Hi HN,
I built OpenGraviton, an open-source AI inference engine designed to push the limits of running extremely large models on consumer hardware.
The system combines several techniques to drastically reduce memory and compute requirements:
• 1.58-bit ternary quantization ({-1, 0, +1}) for ~10x compression
• dynamic sparsity with Top-K pruning and MoE routing
• mmap-based layer streaming to load weights directly from NVMe SSDs
• speculative decoding to improve generation throughput
These allow models far larger than system RAM to run locally.
In early benchmarks, OpenGraviton reduced TinyLlama-1.1B from ~2.05GB (FP16) to ~0.24GB using ternary quantization.
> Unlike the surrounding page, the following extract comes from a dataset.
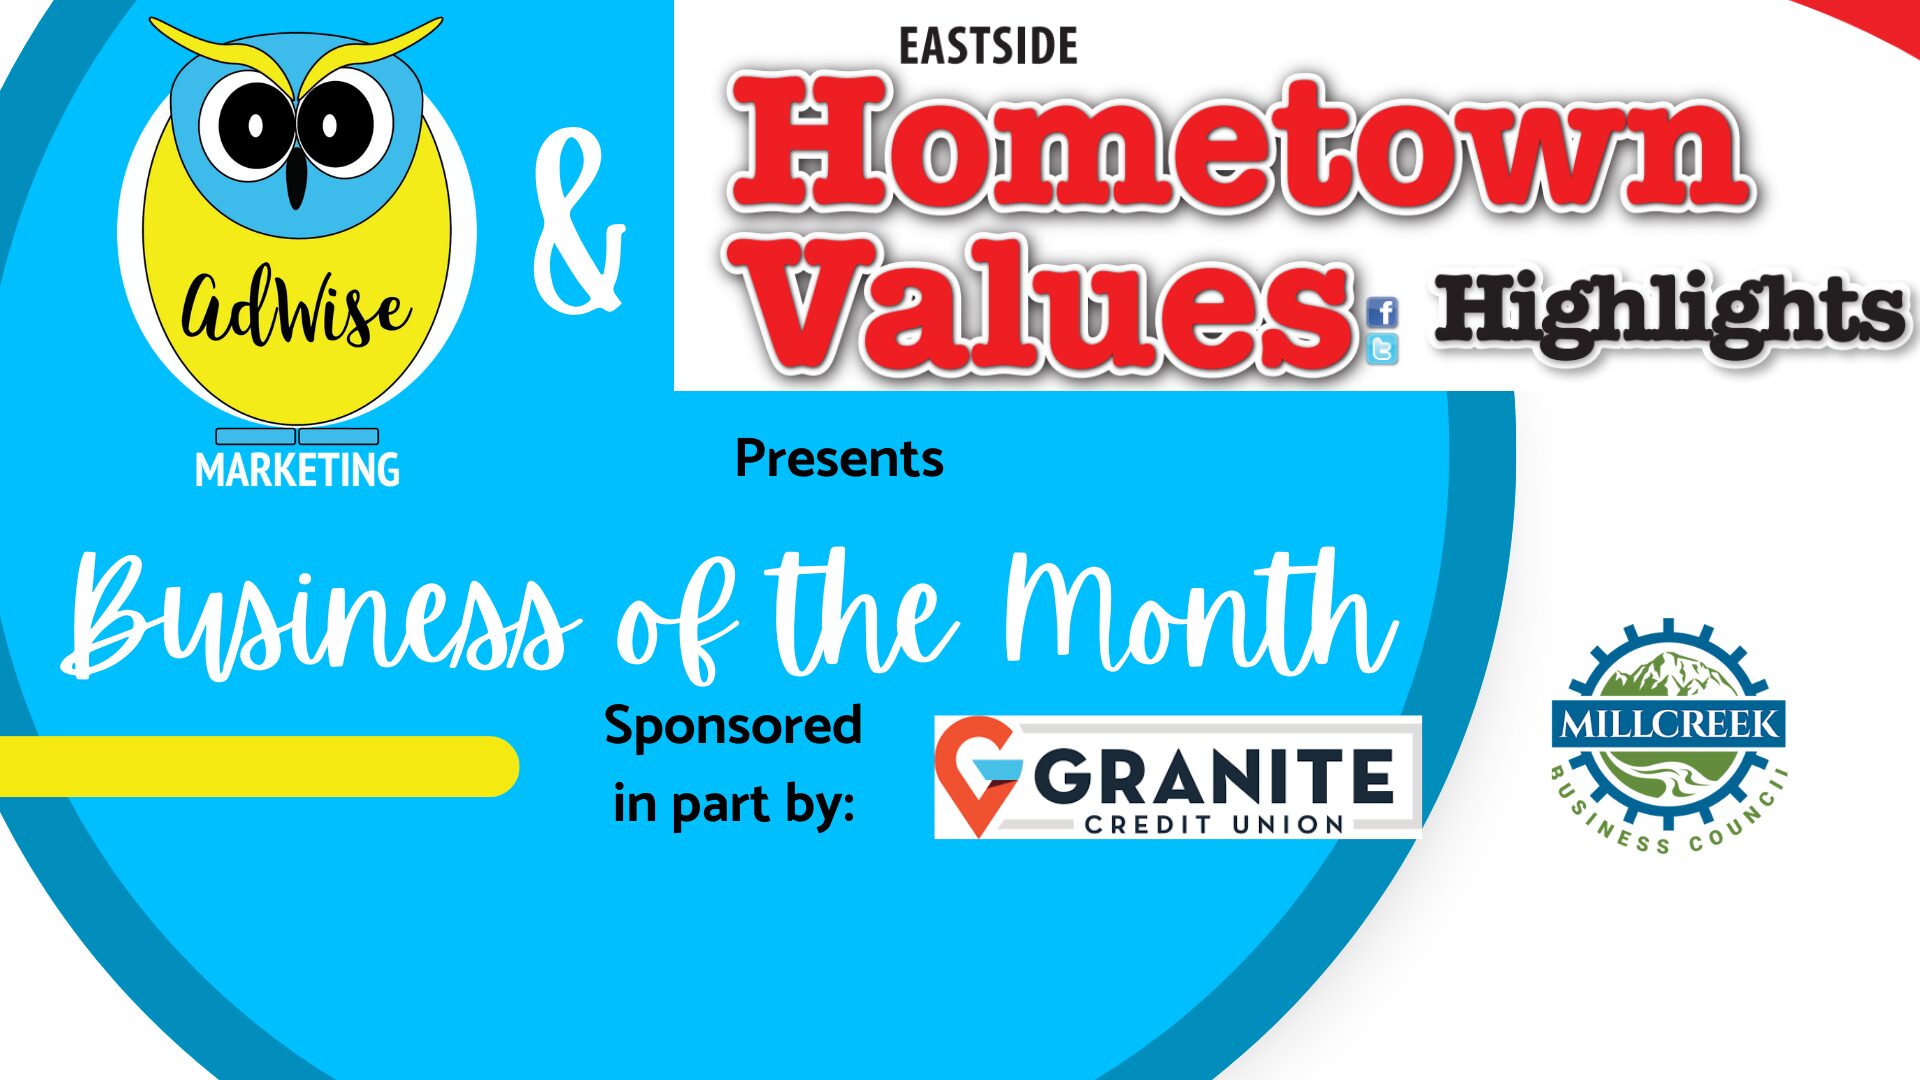 Adwise Marketing & Hometown Values eastside present Business of the month sponsored by Millcreek Business Council and Granite Credit Union, branded for Adwise with yellow and blue bubbles/circles. 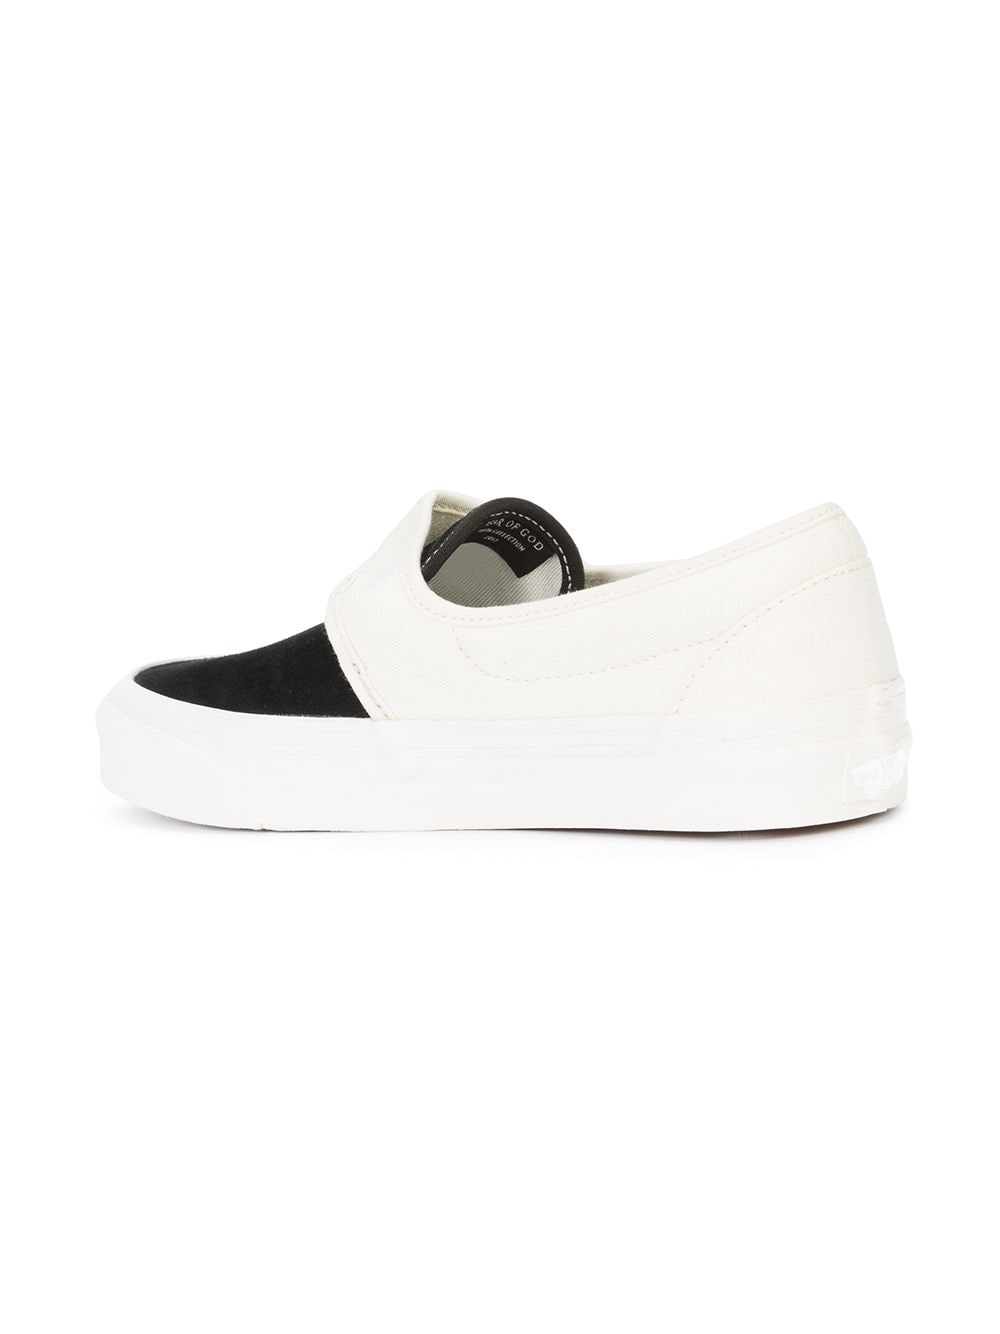 Vans x Fear Of God Slip-On 47 Collection 2 Black White Sneakers - Farfetch

Synthetic stress tests at the 140B scale show that models which would normally require ~280GB FP16 can fit within ~35GB when packed with the ternary format.
The project is optimized for Apple Silicon and currently uses custom Metal + C++ tensor unpacking.
Benchmarks, architecture, and details:
https://opengraviton.github.io
GitHub:
https://github.com/opengraviton
I'm currently working on further speed improvements — it's already around 8× faster in some cases, but there’s still potential for more optimization.
Since this is an open-source project, community support is very important. I believe AI shouldn’t be controlled or driven by only a few companies, so contributions, feedback, and ideas are always very welcome. Feel free to open an issue or PR if you'd like to help.